Third, plaintiffs have more opportunities to find friendly judges among the heterogeneous state courts. With fifty separate court systems and no centralized appellate authority over state law, state courts are more numerous and ideologically diverse. Some state judiciaries are more conservative, others more liberal. By contrast, federal courts are fewer, are appointed by the same government, and are controlled by the Supreme Court. This likely makes federal courts less ideologically diverse, and perhaps more stable and centrist. Because plaintiffs choose their forum, subject to personal jurisdiction limits, they can select the state judges that are on the proplaintiff tail of the distribution. So even if the median state court is similar to the median federal court with respect to plaintiff friendliness, the state courts in which plaintiffs file will be significantly more plaintiff friendly than corresponding federal courts.
Finally, on the defense side, it is the largest and most influential firms with multistate operations that are increasingly able to remove claims to federal court. Small businesses may instead remain in state court as influential repeat players in small routine cases, like debt collection or landlord-tenant claims.303 By contrast, on the plaintiffs’ side, emigration to federal court should be a mixed affair. On the one hand, many of the largest plaintiffs’ firms may happily federalize their claims.
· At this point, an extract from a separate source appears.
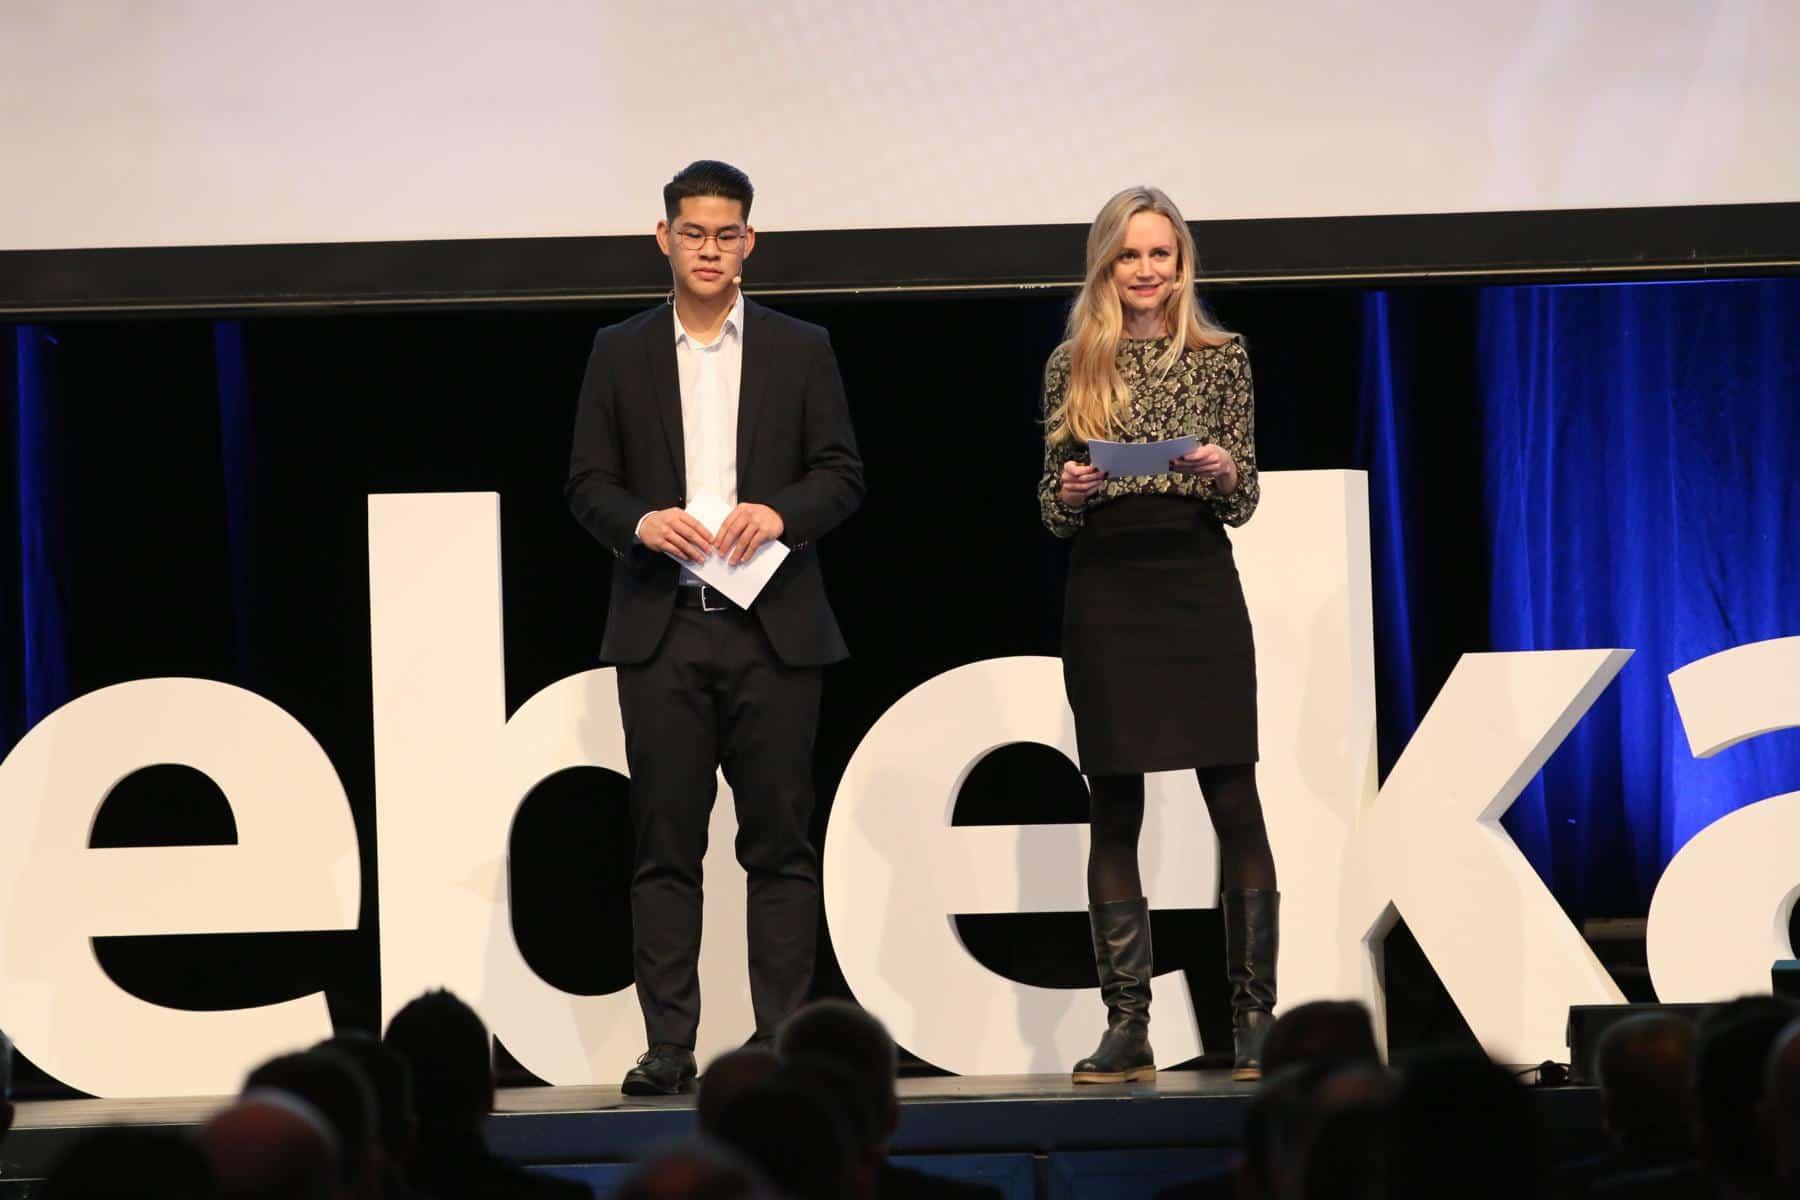 Janina Treis moderiert den Debeka Kongress in der Rhein-Mosel-Halle in Koblenz.

This is especially true for firms that specialize in federal class actions or MDL litigation. On the other hand, sophisticated plaintiffs’ firms may also strategically keep their litigation in state courts for the reasons discussed above.304 So there is no clear-cut reason to predict that the largest plaintiffs’ firms will, on average, federalize their claims.
These dynamics mean that, even assuming a modest decline of business-to-business litigation, we should expect a state stakeholder pool that is bereft of the largest business defendants and may become dominated by other groups, including plaintiffs’ firms. Once business litigants begin to opt out of state court and, thereafter, plaintiff-side interests make up a larger share of the litigant pool, we may expect state judiciaries to resist federal courts’ prodefendant reforms. This prediction depends on two premises:
The first one is that as business litigants opt out, they are no longer repeat players interested in shaping state law. As Professor Marc Galanter has argued, litigation repeat players play for the long haul and seek to shape the structure of substantive and procedural law.305 These players strategically settle or litigate claims to mold the law in their favor in the long run. The larger the player, the more resources they have to engage in long-term legal system design through strategic litigation. But the removal of repeat defendant businesses from state courts—especially the largest litigants—means that they should no longer be as interested in playing the litigation game (at least with the same vigor) in state court. Without a strong long-term interest, there is less of an incentive for business defendants to invest in state-court legal strategies and may instead shift their litigation game to federal courts.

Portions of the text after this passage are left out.